The play is essentially structured as two monologues by male characters, here both cast as Black men, separated by a duologue by a pair of sisters, cast as white, with the aforementioned sung portions acting as a complement to and division between the personal narratives that they recount. These characters might seem familiar—a man named Isaac (Doron JéPaul Mitchell) whose father Abraham starts hearing directly from God; a pair of sisters (Jessica Giannone and Cori Hundt) who lose their mother fleeing their city, after which their father becomes an abusive drunkard; a thief (Biko Eisen-Martin) awaiting his sentence of execution alongside a much more famous (political) prisoner—but their stories have been given an entirely fresh perspective, one that highlights their contemporary resonances, which are further inflected by the casting. This is particularly true regarding mass incarceration and the death penalty in the case of the thief, who also raises what some might consider good questions regarding his well-known cellmate. Testament invests these Biblical transplants to the modern day with rich psychology and contextual detail made all the more affecting by the stripping out, in the characters' accounts, of the supernatural (it is, however, left to the viewer how, after these clear-eyed rehearsals of trauma, to read the closing gospel song).

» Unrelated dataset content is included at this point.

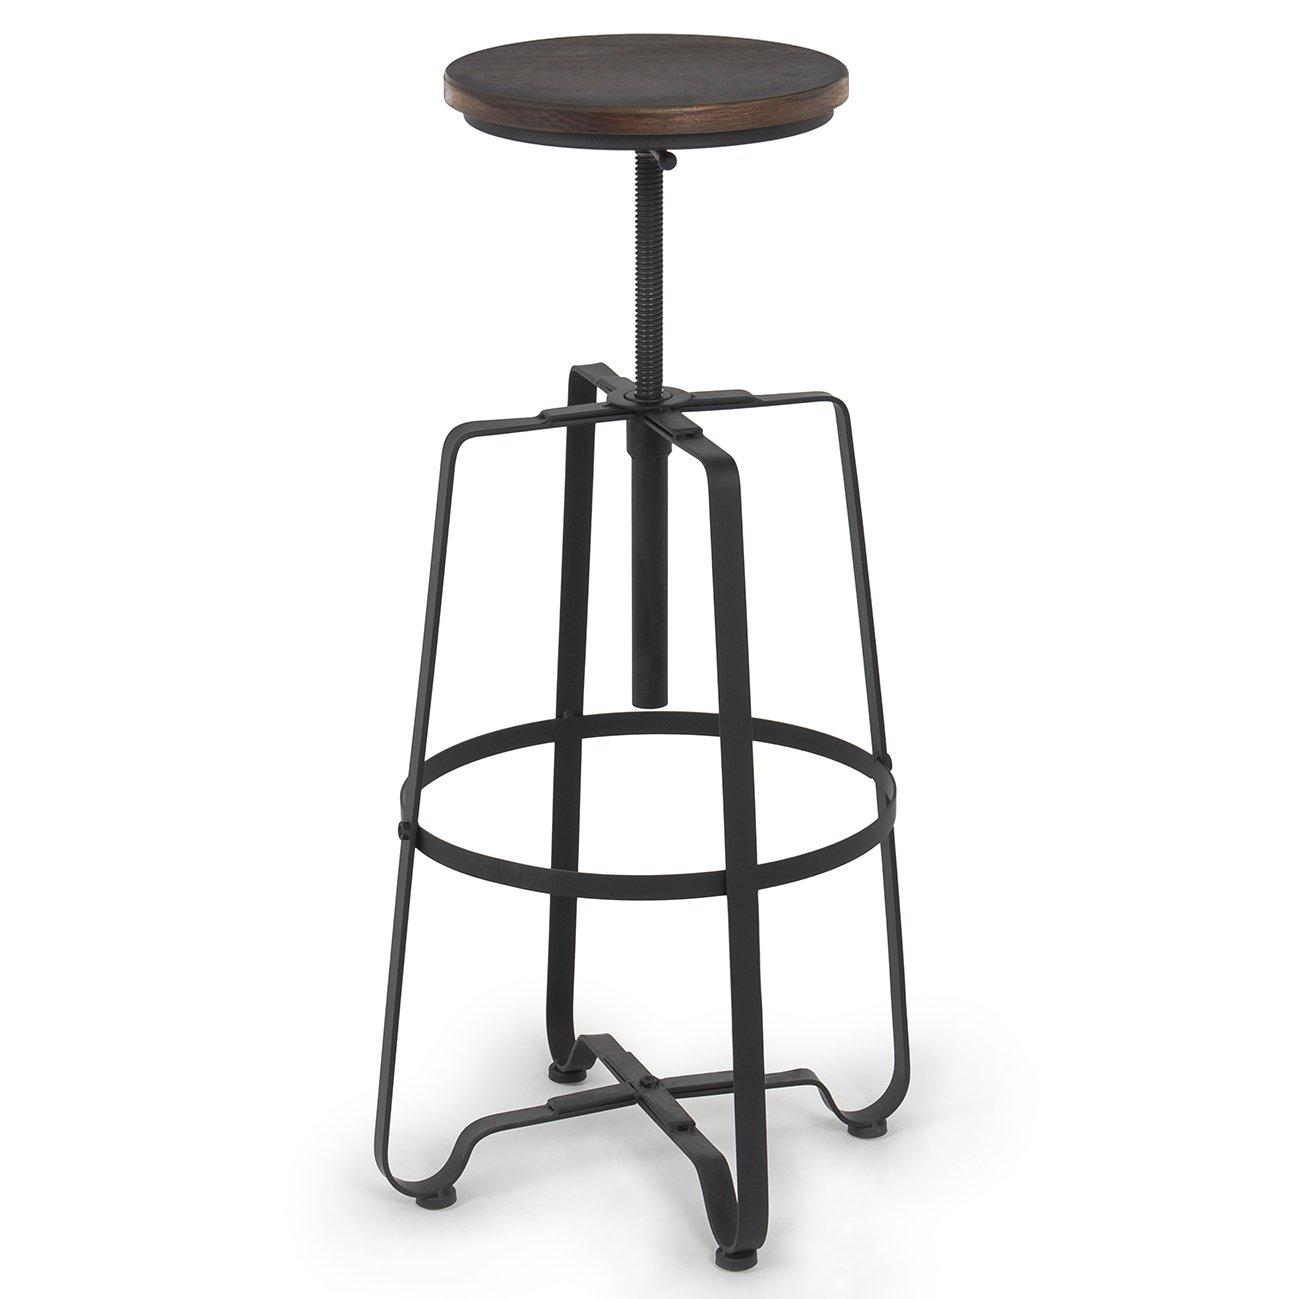 100 Kitchen Bar Stools Counter Height Best Counter  : 611ZTuf2GsLSL1299 from oyuncacocuk.com size 1299 x 1299 jpeg 76kB
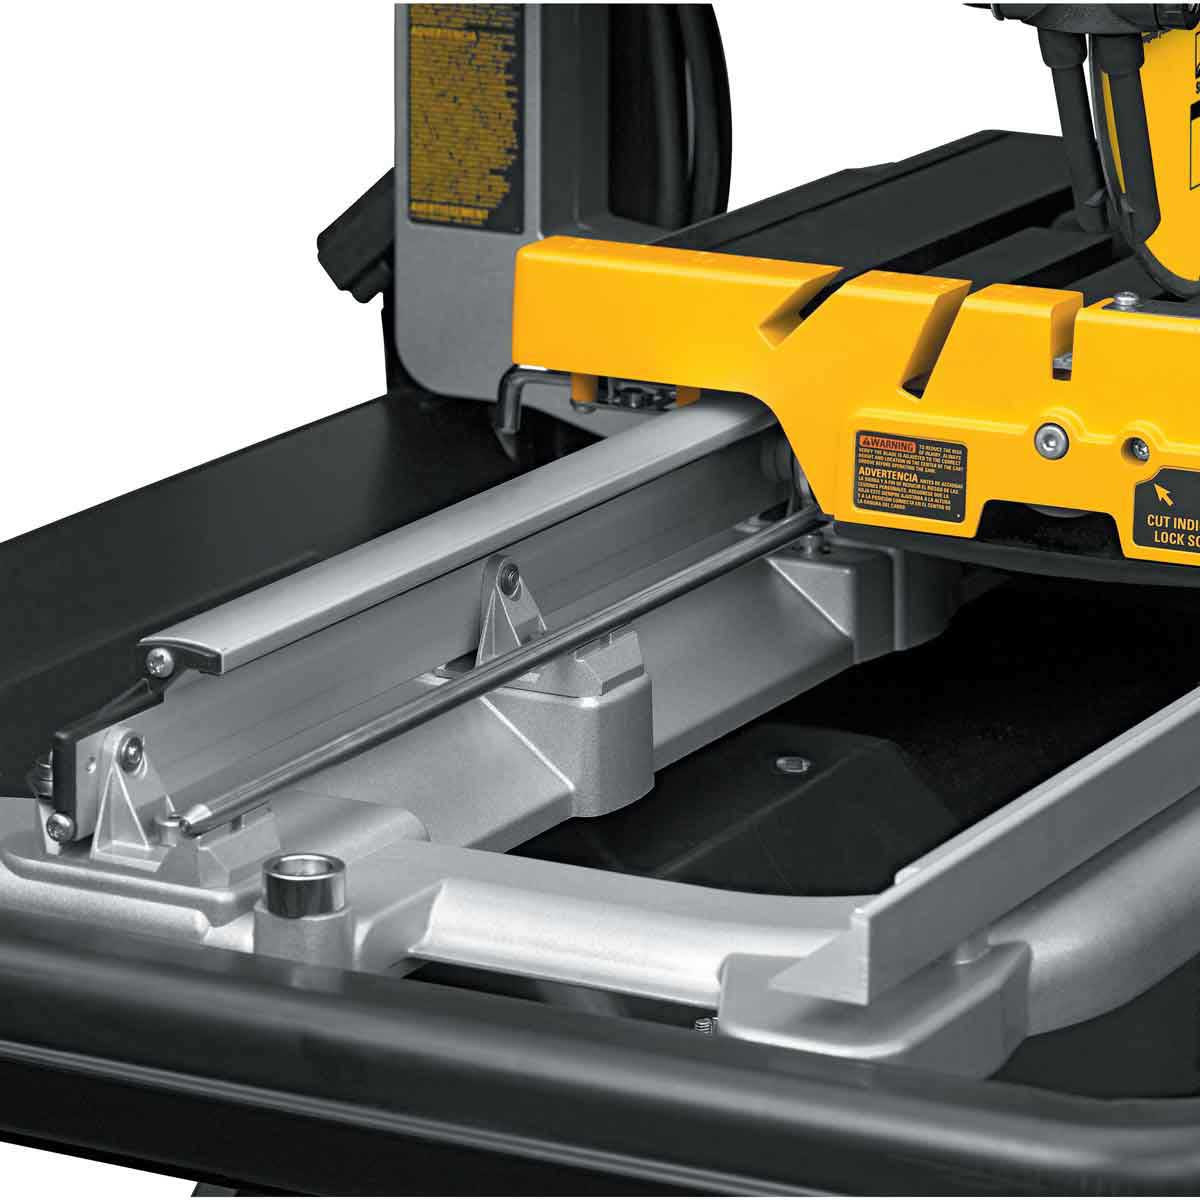 Dewalt D24000 45 angle capacity

This new production of the play, which was first staged in 2017, presents a performance filmed in a space that evokes a support group in a church. A preponderance of medium and medium long shots keep the focus on the impressive performances. Rodriguez comes across as the supportive center of the group, despite not speaking a word; while Mitchell fully inhabits the nuanced emotional topography of Isaac's betrayal; and, as Mary and Jane, Giannone and Hundt's rapid alternating delivery and cheerful talk of family holidays contrasts potently with the residual trauma clear beneath a chipper Southern surface. The excellent Eisen-Martin, meanwhile, builds towards a furiously impassioned climax for both his character and the show. Testament's tales of struggle would be absorbing even without their Judeo-Christian intertextuality, but in that connection, they are also a testament to how a culture's stories remain living things, endlessly molded by new tellers to say new thing to new audiences in new times.